【算法】-- 【二叉樹的實現、層序遍歷二叉樹、已知先序中序遍歷二叉樹，求後序遍歷二叉樹、求二叉樹中結點的最大距離】

01 如何實現二叉樹

首先定義樹的結點

public class Node {
    public int data;
    public Node left;
    public Node right;
    public Node (int data){
        this.data=data;
        this.left=null;
        this.right=null;
    }

    public int leftMaxDistance;//左子樹距根結點的最大距離
    public int rightMaxDistance;//右子數距根結點的最大距離


}

二叉樹的實現

public class BinaryTree {
    private Node root;
    public BinaryTree(){
        root=null;
    }
    public Node getRoot(){
        return root;
    }

    //將data插入到排序二叉樹中
    public void insert(int data){
        Node newNode = new Node(data);
        if (root==null){
            root=newNode;
        }else {
            Node current=root;
            Node parent;
            while (true){//尋找插入的位置
                parent =current;
                if (data<current.data){
                    current=current.left;
                    if (current==null){
                        parent.left=newNode;
                        return;
                    }
                }else{
                    current=current.right;
                    if (current==null){
                        parent.right=newNode;
                        return;
                    }
                }

            }
        }
    }

    //將數值輸入構建二叉樹
    public void buildTree(int[]data){

        for (int i=0;i<data.length;i++){
            insert(data[i]);
        }
    }


    //中序遍歷方法遞歸實現
    public void inOrder(Node localRoot){
        if (localRoot!=null){
            inOrder(localRoot.left);
            System.out.print(localRoot.data+" ");
            inOrder(localRoot.right);
        }
    }

    public void inOrder(){
        this.inOrder(this.root);
    }


    //先序遍歷方法遞歸實現
    public void preOrder(Node localRoot){
        if (localRoot!=null){
            System.out.print(localRoot.data+" ");
            preOrder(localRoot.left);
            preOrder(localRoot.right);
        }
    }

    public void preOrder(){
        this.preOrder(this.root);
    }

    //後續遍歷方法遞歸實現
    public void postOrder(Node localRoot){
        if (localRoot!=null){
            postOrder(localRoot.left);
            postOrder(localRoot.right);
            System.out.print(localRoot.data+" ");
        }
    }

    public void postOrder(){
        this.postOrder(this.root);
    }

    public static void main(String[] args) {
        BinaryTree biTree=new BinaryTree();
        int[] data={2,8,7,4,9,3,1,6,7,5};
        biTree.buildTree(data);
        System.out.println("二叉樹的中序遍歷");

        biTree.inOrder();
        System.out.println();
        System.out.println("二叉樹的先序遍歷");
        biTree.preOrder();
        System.out.println();
        System.out.println("二叉樹的後序遍歷");
        biTree.postOrder();
    }

}

02 如何層序遍歷二叉樹

可以用隊列實現二叉樹的層序遍歷。主要思路如下：先將根結點放入隊列中，然後每次都從隊列中取出一個結點打印該結點的值，若這個結點有子結點，則將它的子結點放入隊列，直到隊列爲空.
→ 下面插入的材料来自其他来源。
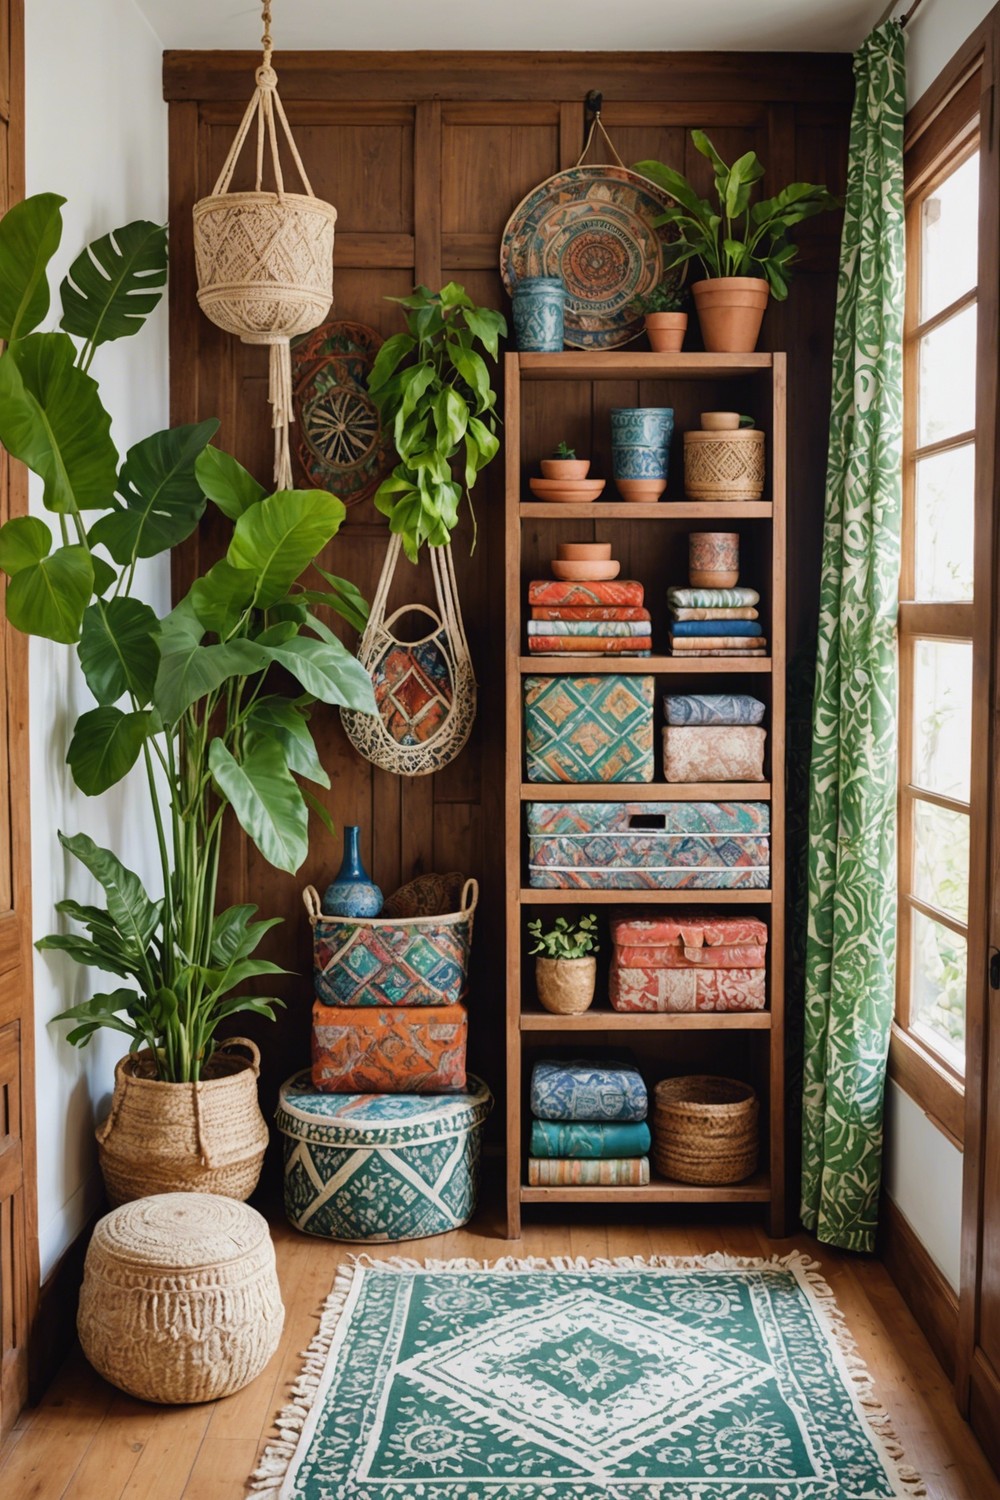 Fabric-Covered Storage Boxes with Boho Patterns

public static void layerTranverse(Node root){
        if(root==null){
            return;
        }
        Queue<Node> q = new LinkedList<>();

        ((LinkedList<Node>) q).add(root);
        while (!q.isEmpty()){
            Node n=q.poll();
            System.out.print(n.data+" ");
            if (n.left!=null)
                ((LinkedList<Node>) q).add(n.left);
            if (n.right!=null)
                ((LinkedList<Node>) q).add(n.right);
        }
    }

    public static void main(String[] args) {
        BinaryTree biTree=new BinaryTree();
        int[] data={2,8,7,4,9,3,1,6,7,5};
        biTree.buildTree(data);
        layerTranverse(biTree.getRoot());
    }

03 已知先序遍歷和中序遍歷，如何求後序遍歷

public class BinaryTree1 {
    private Node root;
    public BinaryTree1(){
        root=null;
    }

    //後序遍歷方法，遞歸實現
    public void postOrder(Node localRoot){
        if (localRoot!=null){
            postOrder(localRoot.left);
            postOrder(localRoot.right);
            System.out.print(localRoot.data+" ");
        }
    }

    public void postOrder(){
        this.postOrder(this.root);
    }

    public void initTree(int[]preOrder,int[]inOrder){
        this.root=this.initTree(preOrder,0,preOrder.length-1,inOrder,0,inOrder.length-1);

    }

    private Node initTree(int[] preOrder, int start1, int end1, int[] inOrder, int start2, int end2) {
        if (start1>end1||start2>end2){
            return null;
        }
        int rootData=preOrder[start1];

        Node head = new Node(rootData);
        //找到根結點所在的位置
        int rootIndex=findIndexInArray(inOrder,rootData,start2,end2);
        int offSet=rootIndex-start2-1;
        //構建左子樹
        Node left=initTree(preOrder,start1+1,start1+1+offSet,inOrder,start2,start2+offSet);
        //構建右子數
        Node right=initTree(preOrder,start1+offSet+2,end1,inOrder,rootIndex+1,end2);

        head.left=left;
        head.right=right;
        return head;
    }

    private int findIndexInArray(int[] a, int x, int begin, int end) {
        for (int i=begin;i<=end;i++){
            if (a[i]==x){
                return i;
            }
        }
        return -1;
    }

    public static void main(String[] args) {
        BinaryTree1 biTree=new BinaryTree1();
        int[] preOrder={1,2,4,8,9,5,10,3,6,7};
        int[] inOrder={8,4,9,2,10,5,1,6,3,7};
        biTree.initTree(preOrder,inOrder);
        System.out.println("二叉樹的後序遍歷：");
        biTree.postOrder();
    }
}

04 如何求二叉樹中結點的最大距離

public class BinaryTree2 {
    private int maxLen=0;
    private int max(int a,int b){
        return a>b?a:b;
    }

    public void FindMaxDistance(Node root){
        if (root==null)
            return;
        if (root.left==null)
            root.leftMaxDistance=0;
        if (root.right==null)
            root.rightMaxDistance=0;
        if (root.left!=null)
            FindMaxDistance(root.left);
        if (root.right!=null)
            FindMaxDistance(root.right);
        //計算左子樹中距離更節點的最大距離
        root.leftMaxDistance=max(root.left.leftMaxDistance,root.left.rightMaxDistance)+1;
        //計算右子數中距離根結點的最大距離
        root.rightMaxDistance=max(root.right.leftMaxDistance,root.right.rightMaxDistance)+1;
        //獲取二叉樹所有節點的最大距離
        if (root.leftMaxDistance+root.rightMaxDistance>maxLen)
            maxLen=root.leftMaxDistance+root.rightMaxDistance;
    }
}